Risk Factors for Immune Reconstitution Inflammatory Syndrome after Starting Antiretroviral Therapy

By Liz Highleyman

Immune reconstitution inflammatory syndrome (IRIS) is a complication caused by reactivation of the immune system that can occur after starting antiretroviral therapy. Typically, IRIS presents as a flare-up of symptoms when the recovering immune system begins to respond to an existing infection, for example, tuberculosis (TB) or cytomegalovirus (CMV).

IRIS occurs in an estimated 10% to 40% of HIV patients (based mainly on retrospective studies), and is more common in those who had a very low CD4 cell count before starting therapy.

IRIS may contribute to the increased risk of death that remains after starting ART in patients with advanced HIV disease, and due to concern about IRIS, some clinicians have favored deferring ART until after opportunistic infection (OI) treatment. However, few prospective studies have evaluated risk factors for IRIS and mortality in this setting.

As reported at the 16th Conference on Retroviruses and Opportunistic Infections (CROI 2009) last month in Montreal, Philip Grant from Stanford University and colleagues with the ACTG A5164 study team looked at risk factors for IRIS and mortality in patients with acute OIs who received either early or deferred antiretroviral therapy.

As reported at last year's CROI, in ACTG A5164, a total of 282 HIV patients with opportunistic infections (excluding TB) were randomly assigned to either start early ART at study entry or to delay ART for at least 28 days while OIs were treated.

At study entry, participants had advanced HIV disease, with a median baseline CD4 cell count of 29 cells/mm3, HIV viral load of 5.07 log copies/mL, and most had not previously taken any antiretroviral drugs. Pneumocystis pneumonia (PCP) was the most common OI (64%), followed by bacterial infections and cryptococcal infection (15% each).

Results

During the study period, 23 participants (8.2%) died.
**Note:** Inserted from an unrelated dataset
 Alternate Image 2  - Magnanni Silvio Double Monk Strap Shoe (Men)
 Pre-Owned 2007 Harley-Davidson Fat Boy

20 participants (7.6%) developed IRIS, after a median of 33 days on ART:

8 of 135 patients (5.9%) in the early ART arm;

12 of 127 patients (44.4%) in the delayed ART arm.

Patients with fungal infections (other than PCP) were more than twice as likely to develop IRIS, and this was the only significant risk factor (hazard ratio [HR] 2.6; P = 0.03).

There was no difference in IRIS incidence between patients who received corticosteroids during their OIs and those who did not.

However, no participants developed IRIS while receiving corticosteroids.

Viral load decline and increased CD4 cell percentage at 4 weeks were associated with IRIS, but change in absolute CD4 cell count was not.

In univariate analyses, baseline factors significantly associated with increased mortality were:

Mycobacterial infection (HR 5.9; P <0.01);
Number of OIs (HR 2.2 per additional OI; P <0.01);
Hospitalization (HR 3.7; P = 0.002);
Low serum albumin (HR 3.6; P = 0.02);
Low hemoglobin (HR 2.8; P = 0.02);
Low CD4 count (HR 1.3 for each 10 cells/mm3 decrement; P = 0.02).

Conversely, having PCP at baseline was associated with a lower risk of death (HR 0.4; P = 0.04).

" In a multivariate analysis controlling for confounding factors, mycobacterial infection (HR 4.6; P < 0.002), hospitalization (HR 3.2; P = 0.007), and low CD4 count (HR 1.2 for each 10 cells/ mm3 decrement; P = 0.04) remain independent predictors of mortality.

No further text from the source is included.